Now, there are many ways by which we might relate to Jesus in the hope of taking God up on this invitation.  During the time he walked this earth, Jesus had what we might today call “groupies.” These were people who followed him around, but at a safe distance, and with no commitment or accountability. Jesus still has groupies. Many of them are warming church pews on any given Sunday all across the world. Interest? Yes. Fascination? Yes. Commitment? No. Responsibility? No.

Another way of relating to Jesus is as an objective scholar, of either a professional or an amateur sort. Scholars analyze and compare various scriptural manuscripts, and examine other literary evidence from the time, and compare it all with archeological research, and come up with learned opinions about what Jesus really said or did or intended, in distinction to what the gospels say Jesus said or did or intended.

And then, of course, there are those who are just plain skeptical, or too self-absorbed to care very much, and they relate to Jesus from a position of indifference or unbelief.

But, if we really want to take God up on the invitation to share his life and sees what He sees and think what He thinks, then the most important thing we can do is to place ourselves in relation to Jesus as disciples to a master.

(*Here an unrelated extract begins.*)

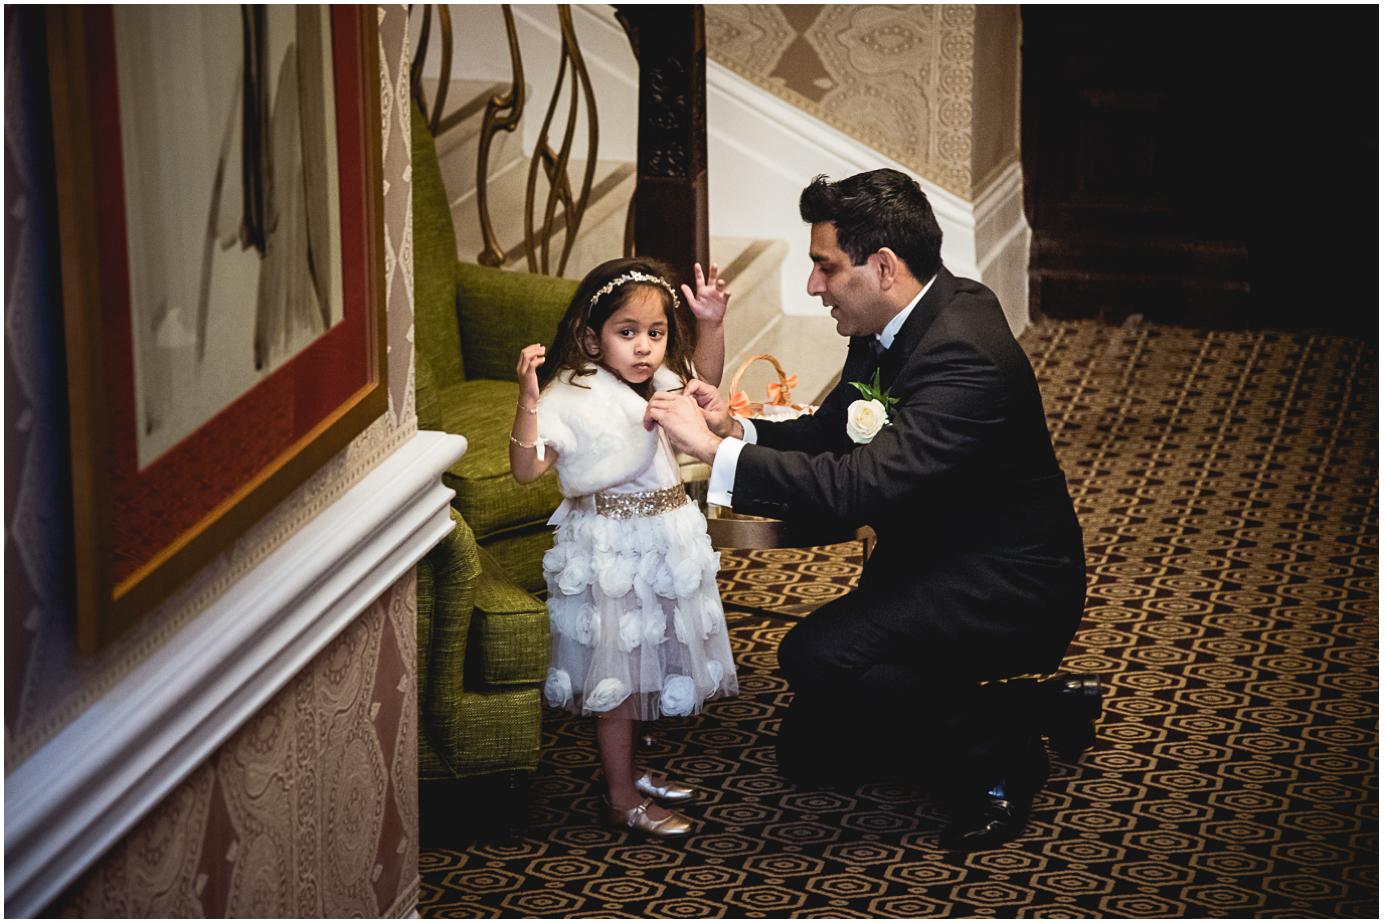 28 - Esmat and Angus - St. Ermin's Hotel London wedding photographer

Jesus resorts to some pretty drastic language to make precisely this point to his favorite apostle—Peter. After Jesus tells them all very plainly what lies ahead—that he’s going to be increasingly rejected by the Jewish authorities, and eventually be killed, but rise again after three days—after Jesus makes this announcement, Peter has a fit. At the first opportunity, he pulls Jesus aside and tells him to cut it out with that kind of negative talk, that it’s bad for the group’s morale, and how are they going attract newcomers with Jesus predicting disaster all the time? But Jesus comes right back at him: “Get behind me, Satan! For you are not on the side of God, but of men.” Get behind me, Satan. It’s the “Satan” part that gets our attention, isn’t it? I mean, to have Jesus liken him to Satan must have really brought Peter up short. Jesus apparently thought that shocking language was called for. The cross was so central to his mission that he could have very little patience with anyone who questioned that destiny, whose behavior might compromise God’s grand plan for the salvation of the world. But let’s not get too distracted by the name calling, because the real meat here is in what comes before it— “Get behind me.”  Jesus wasn’t merely telling Peter to go away with his crazy ideas. He wasn’t just shooing him off. Nor was he, as it might perhaps seem, rejecting Peter, turning his back on Peter. Rather, Jesus was telling Peter to get back where he belonged—behind him, as a disciple, as one who follows.

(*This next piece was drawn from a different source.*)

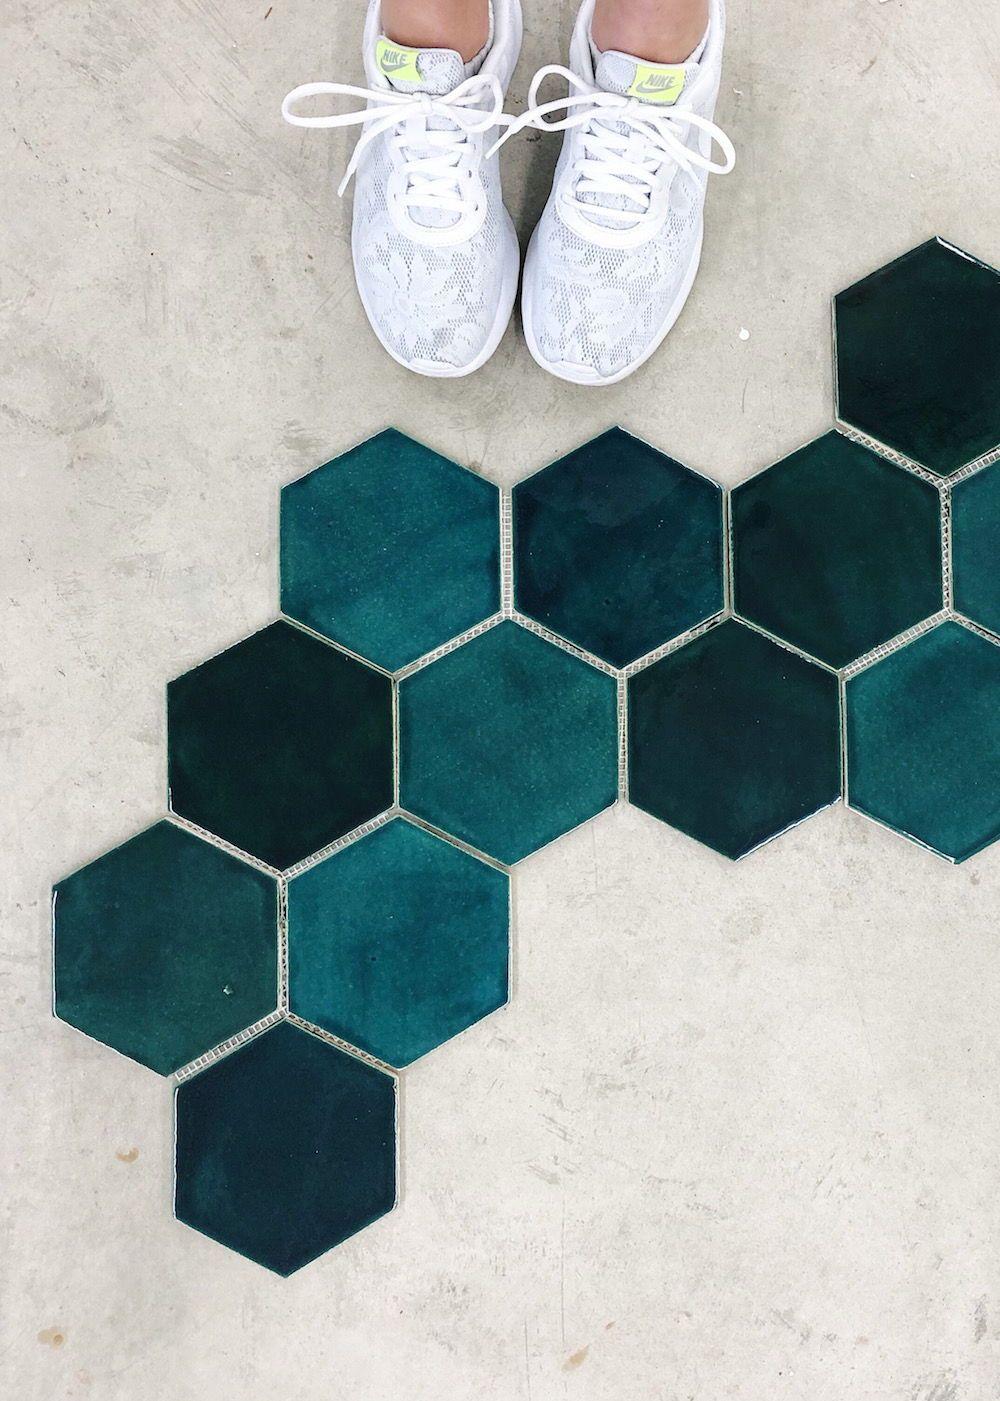 Large Hexagon 1036w Bluegrass Hexagon Tile Floor Hexagon Hexagon Tile Bathroom

And Peter’s challenge is also our challenge. In Christ, God offers us life—abundant life, His own life. In Christ, God offers us the truth—an accurate map of the spiritual and moral universe we inhabit, a universe full of pitfalls and alluring deceptions. In Christ, God takes the blinders off our eyes, and allows us to see that too much friendship with the world is enmity with God, that the wisdom of this world is foolishness to God. But this gift is not available to us if we relate to Jesus merely as groupies—interested observers who won’t make a commitment. This gift is not available to us if our relationship to Jesus is merely academic—that of a disinterested scholar. Nor is it available to us if we are skeptical, or scornful, or indifferent. The gift of seeing the way God sees and thinking the way God thinks is available to us when we get behind Jesus, in the position of disciples. Seeing reality from God’s point of view is available to us when we are ready to embrace the cross, to know the way of the cross to be the means of life and peace, to take up our cross and fall in behind Jesus, ready to suffer shame, embarrassment, and ridicule from a world that will misunderstand and hate us—ready to absorb that misunderstanding and hate and return nothing but love. It’s not an easy road. It really isn’t. But it’s a road worth traveling. It’s a road that will lead us to our true destination. Amen.